Department of Chemistry, University of Saskatchewan, 110 Science Place, Saskatoon, SK, S7N 5C9, Canada.
Current address: Crosslight Software Inc., 230-3410 Lougheed Hwy, Vancouver, BC, V5M 2A4, Canada.
Chemistry. 2018 Jun 12;24(33):8298-8301. doi: 10.1002/chem.201801139. Epub 2018 May 15.

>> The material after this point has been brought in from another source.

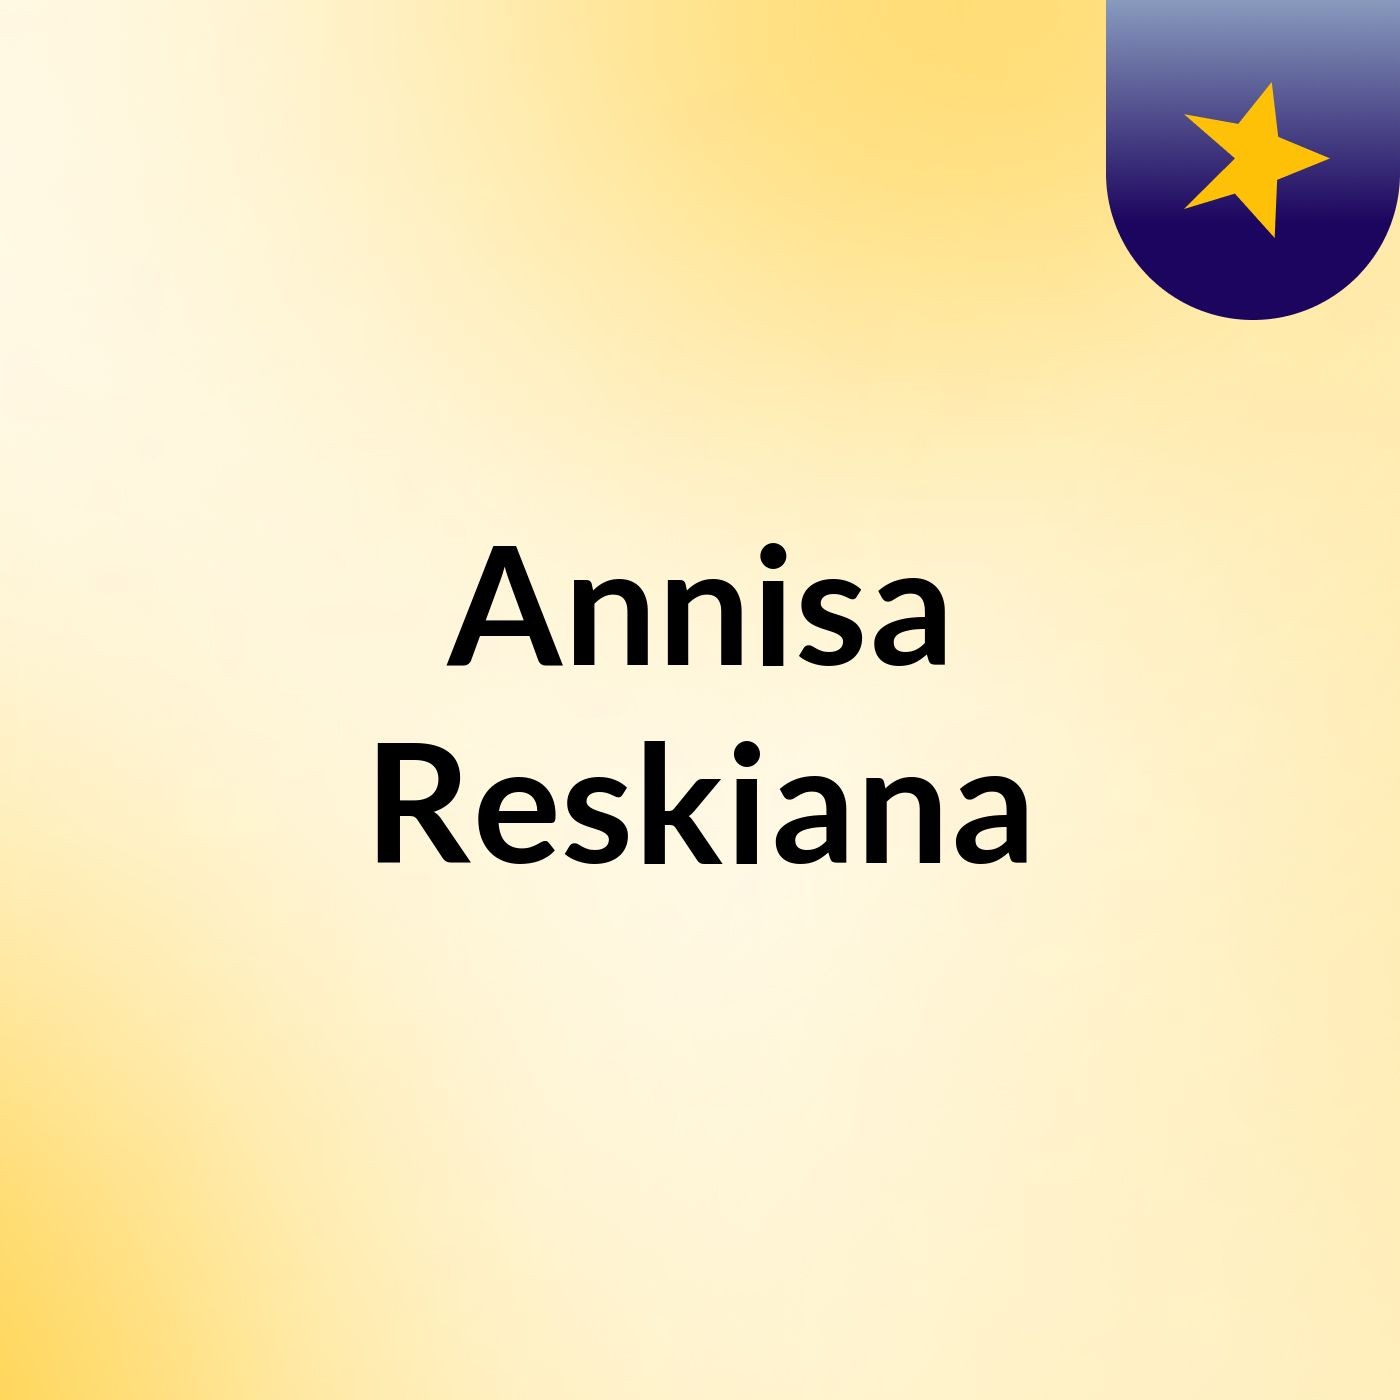 Annisa Reskiana

Three enantiopure phospha[1]ferrocenophanes (2 ) equipped with either a phenyl, an isopropyl, or a tert-butyl group at the bridging phosphorus atom were synthesized by a salt-metathesis approach in isolated yields between 52 and 63 %. The chirality in these strained sandwich compounds stems from the planar-chiral ferrocene moiety, which is symmetrically equipped with two iPr groups adjacent to phosphorus. Surprisingly, all three phospha[1]ferrocenophanes show an uncommon through-space nuclear H- P coupling. As a result of the embedded symmetry, these new compounds are ideal examples to differentiate between through-space and through-bond coupling mechanisms in NMR spectroscopy.
三种对映纯膦[1]二茂铁(2)通过盐-复分解方法合成,在桥接磷原子上分别带有苯基、异丙基或叔丁基,产率在 52%至 63%之间。这些受应变的夹心化合物中的手性源于平面手性二茂铁部分,它对称地配备有两个相邻磷的异丙基。令人惊讶的是,所有三种膦[1]二茂铁都表现出不常见的通过空间核 H-P 耦合。由于嵌入的对称性,这些新化合物是在 NMR 光谱中区分通过空间和通过键耦合机制的理想示例。